Let me come at that in a slightly different fashion. I was particularly disappointed the other day with the Washington Post. It’s my home-town newspaper, and when Kissinger turned a hundred, I thought, “Well, maybe they’ll feel the need to do something special.” What they did to at least give him some kind of halfway-favorable coverage was to let his son write an op-ed. And then the next day they had a piece in which they sort of highlighted how despised he is on the Internet.

There is no question that Kissinger has done things that are worthy of opprobrium. There is no doubt about that. However, if you look back at a career, a public career, that began in effect when he was a young professor at Harvard, he was the first to point out that in the event of a major threat to the interests of the United States, the only available option to us was something that would effectively lead to the destruction of mankind. And it wasn’t until he raised that issue that policy with regard to the use of nuclear weapons changed.

So, you have a career that has included the opening to China, a peace treaty between Egypt and Israel, a normalizing of relations between Israel and Syria, a career that has included the strategic-arms-limitation talks and treaties that the United States reached with the Soviet Union. It has been an extraordinary career. And, yes, it has been marked by not just these episodes but actions that have led to untold human suffering. Were those justified by the responsibilities that he had at that time? I’ll leave it to others to judge that.

That reminds me of an interview where you once said that from an ethical point of view he had something to answer for, but that “that’s between him and his Maker.” Isn’t that for journalists like you or me to look into rather than for God?

Well, obviously we—

You said you’d “leave it to others” just now.

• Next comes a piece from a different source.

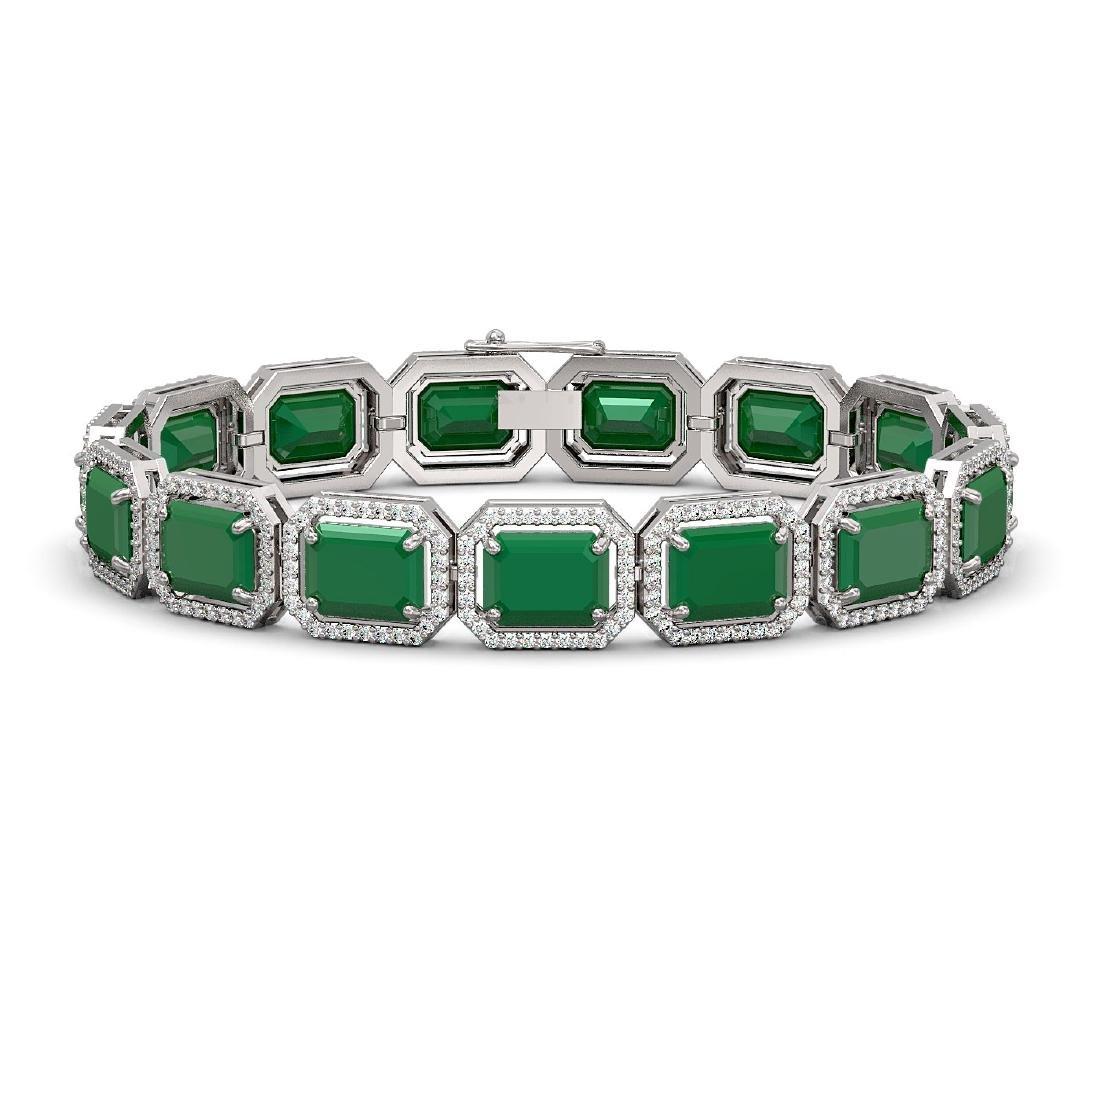 38.61 CTW Emerald & Diamond Halo Bracelet 10K White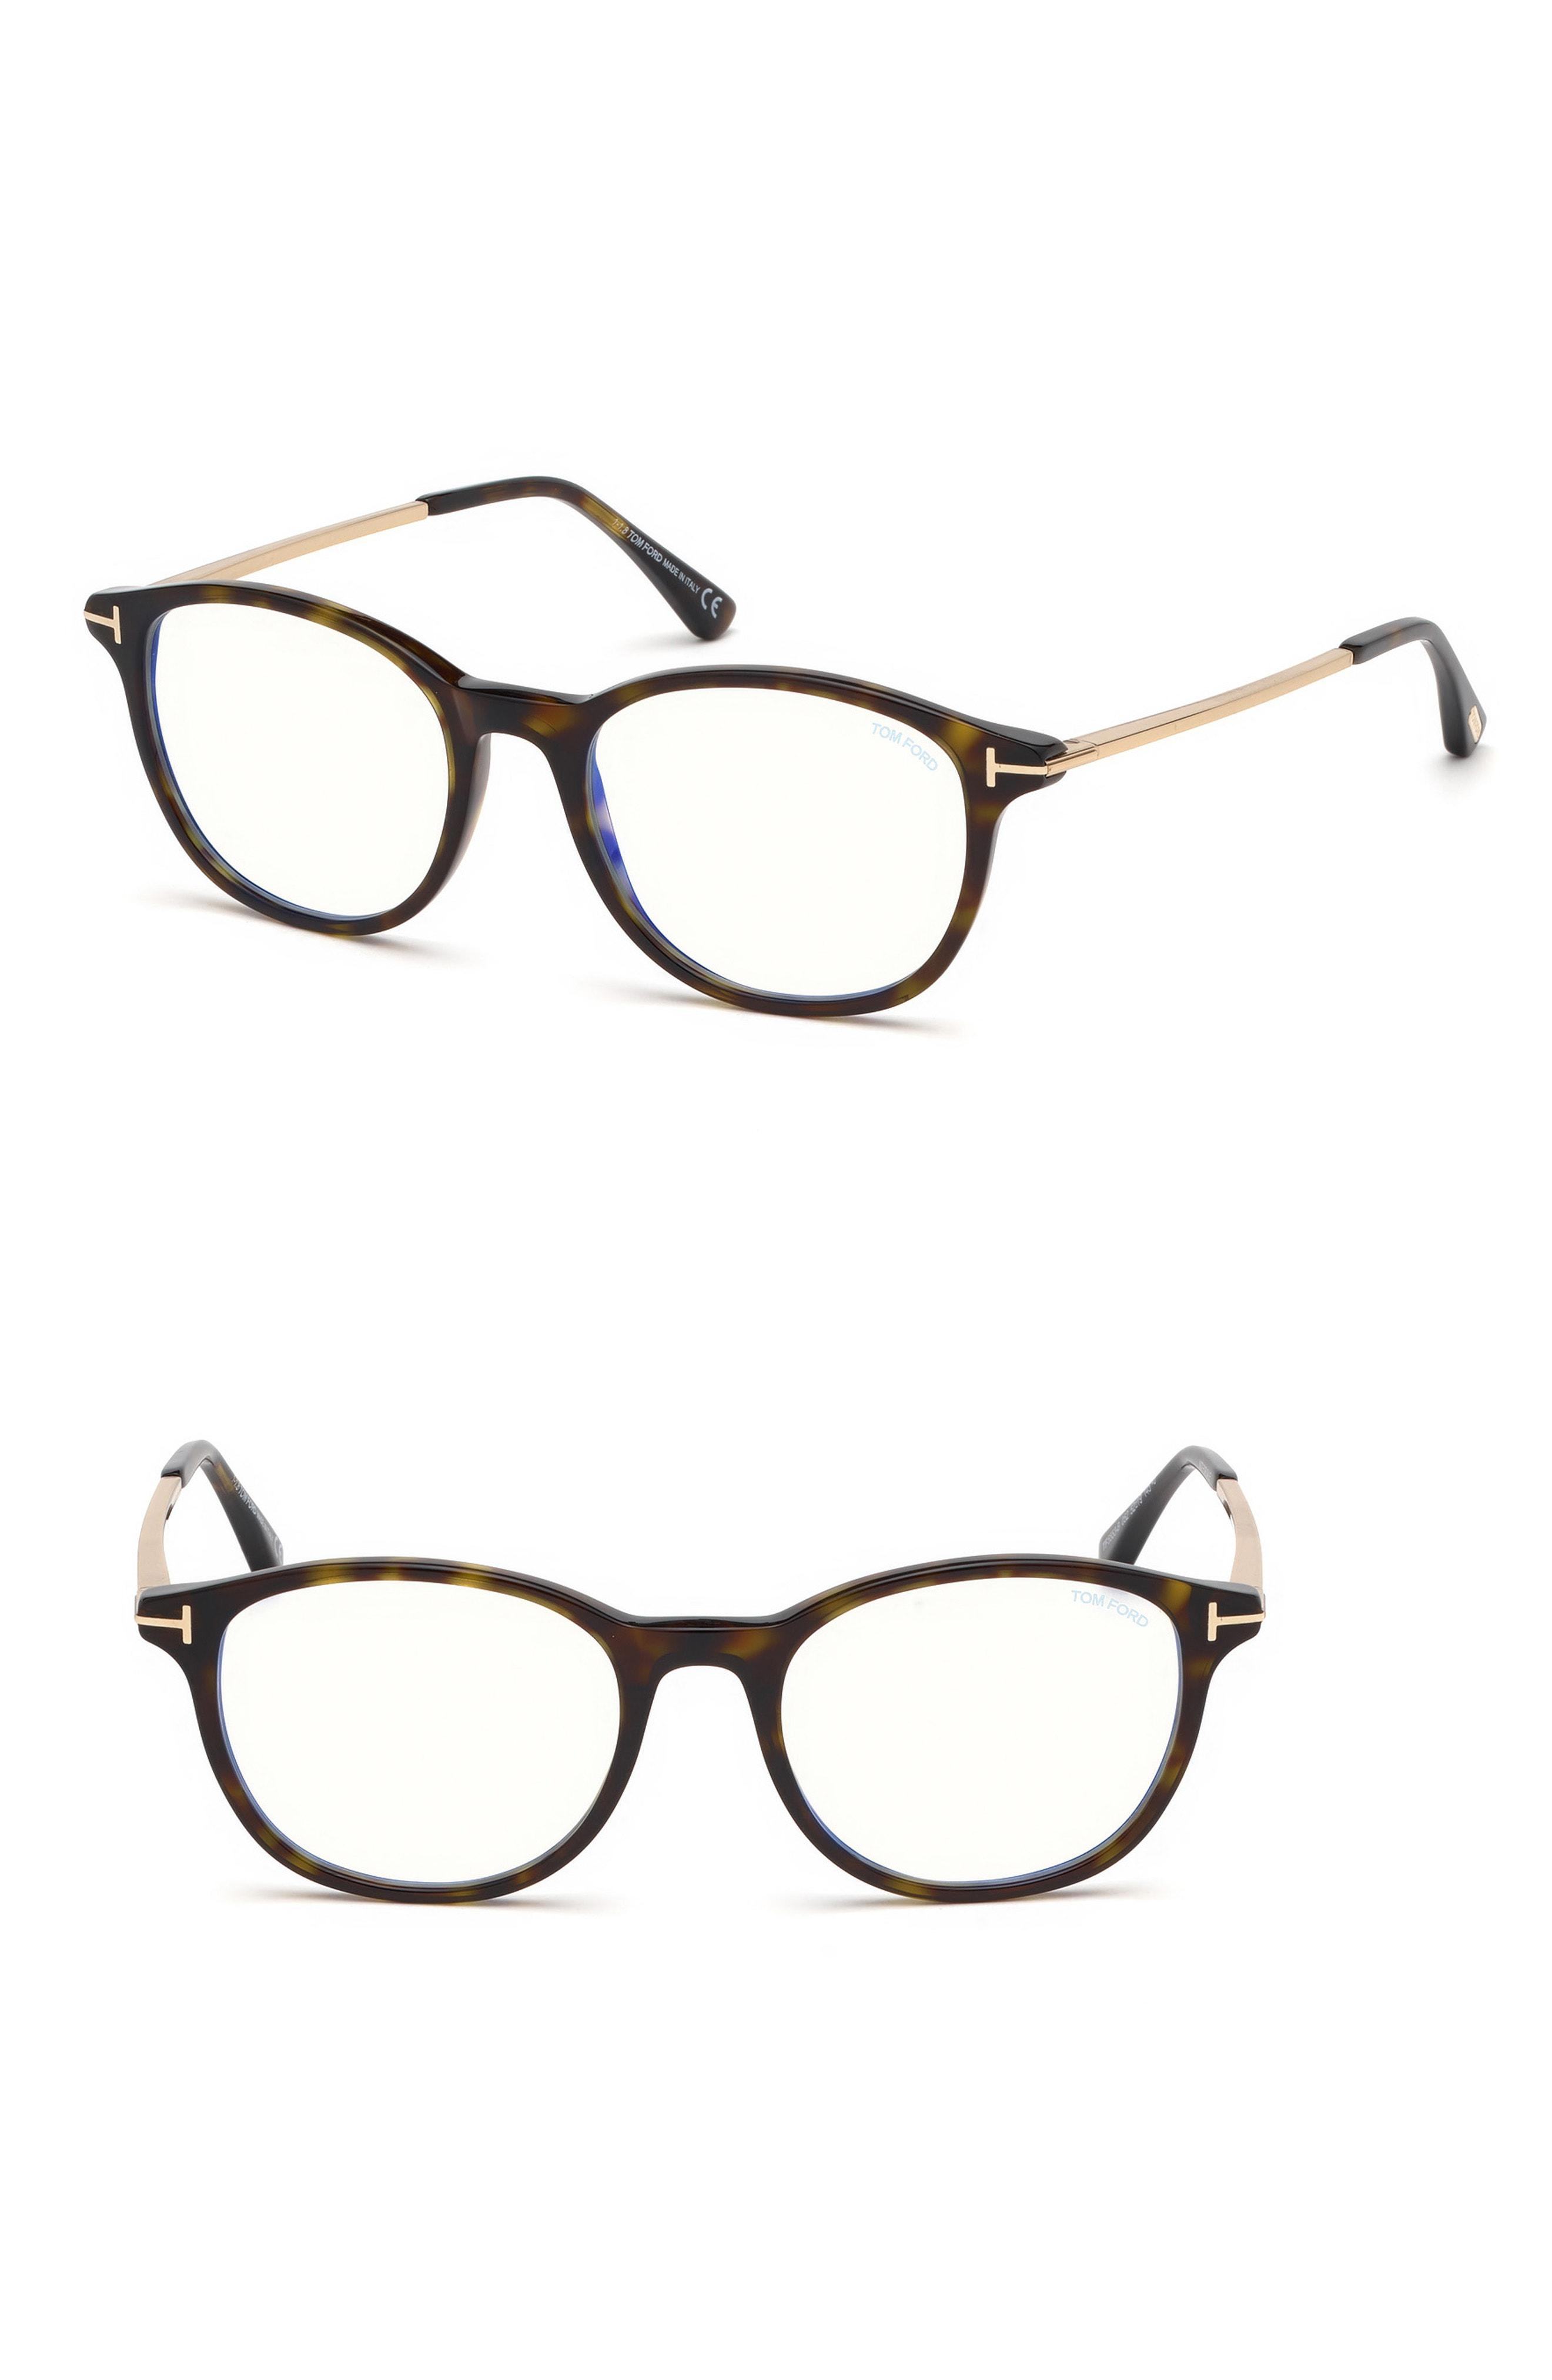 692a27bb8a Tom Ford - 50mm Blue Light Blocking Glasses - Shiny Dark Havana  Blue Block  for. View fullscreen

Obviously we can and we do, and that’s one of the things you’re doing right now. But, if I may, let me offer a historical perspective. Imagine that a hundred years from now, historians are looking back at the careers of Henry Kissinger, George W. Bush, and Donald Trump. Trump will be perceived by historians as a thoroughly despicable human being who accomplished effectively nothing while he was in office. I think George W. Bush is a very pleasant person to be around, but the invasion of Iraq never needed to take place and resulted in the deaths of tens of thousands, if not hundreds of thousands, of Iraqis—thousands of young Americans. What do you think history will have to say a hundred years from now as you compare Henry Kissinger to two of his contemporaries who also held great power?